Was kostet die Premium-Version? Je nach Laufzeit und Rabattangebot zwischen 6,35 und 9,95 Euro monatlich. Neben der Premium-Version bietet XING „ProJobs“ und „ProBusiness“-Pakete für bis 69,95 Euro pro Monat an – Mindestlaufzeit ein Jahr.

Ich wollte euch gerne ein paar Screenshots zeigen, aber bei aller Fülle an Content, weiß ich gar nicht, wo ich anfangen soll. Aber es spiegelt eben nicht das wieder, was ich von so einer App erwarte, zumal sie ja aufs Jahr gerechnet ca. 80 Euro gekostet hat – und das ist noch die vergünstigte Version.

Lohnt sich das bezahlte Upgrade? Für mich als Privatperson nicht. Es ist wie ein fetter Tante-Emma-Laden, wo einem alles angeboten wird, weswegen die Kernkompetenz teilweise auf der Strecke bleibt. Ich dachte das liegt vielleicht an meinem Berufszweig (Medienmacher), aber auch Freunde von mir haben ähnliche Erfahrungen gemacht. Viele Leute schauen dein Profil zwar an, aber im Endeffekt passiert nichts.

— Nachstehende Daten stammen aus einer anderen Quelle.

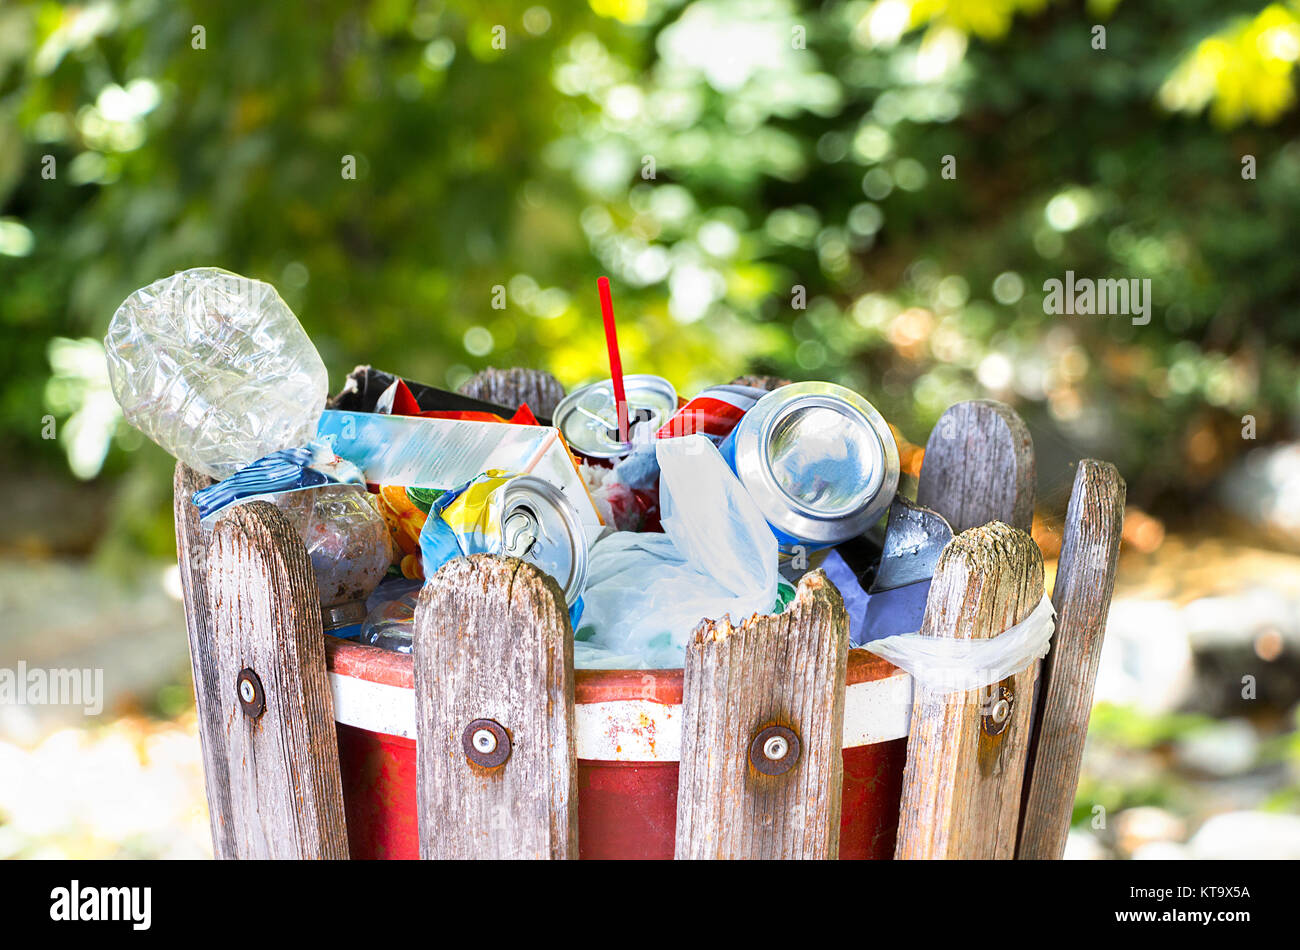 A wooden garbage bin outside in a park full with plastic bottles, cans, paper and plastic bags. Stock Photo

Auf der Mobile App taugt die Premiumversion von XING besonders wenig, das fühlt sich fast an wie eine Mogelpackung. Auf dem Desktop ist es noch halbwegs übersichtlich und es gibt die vorhin aufgeführten Funktionen. Mobil sehe ich stattdessen das hier:

Das bekomme ich zu sehen, wenn ich via Smartphone App den Premium-Bereich aufrufe. Das war es dann auch schon.
Das bekomme ich zu sehen, wenn ich via Smartphone App den Premium-Bereich aufrufe. Das war es dann auch schon. © Rob Szymoniak

Stattdessen wünsche ich mir ein deutlich weniger kompliziertes Handling, eine bessere Anordnung, sowie besseres „Look&Feel“ als nach dem Relaunch der App. Mag sein, dass Unternehmen in Sachen Personalsuche oder Selbständige mit einzelnen Aufträgen davon profitieren. Meine Traumjobs habe ich aber immer auf Eigeninitiative bekommen.

Welche Alternativen gibt es? Der große Konkurrent von XING ist LinkedIn. Der ist zwar deutlich teurer, dafür ist die angebotene Mobile App klar strukturiert und kommt deutlich übersichtlicher daher.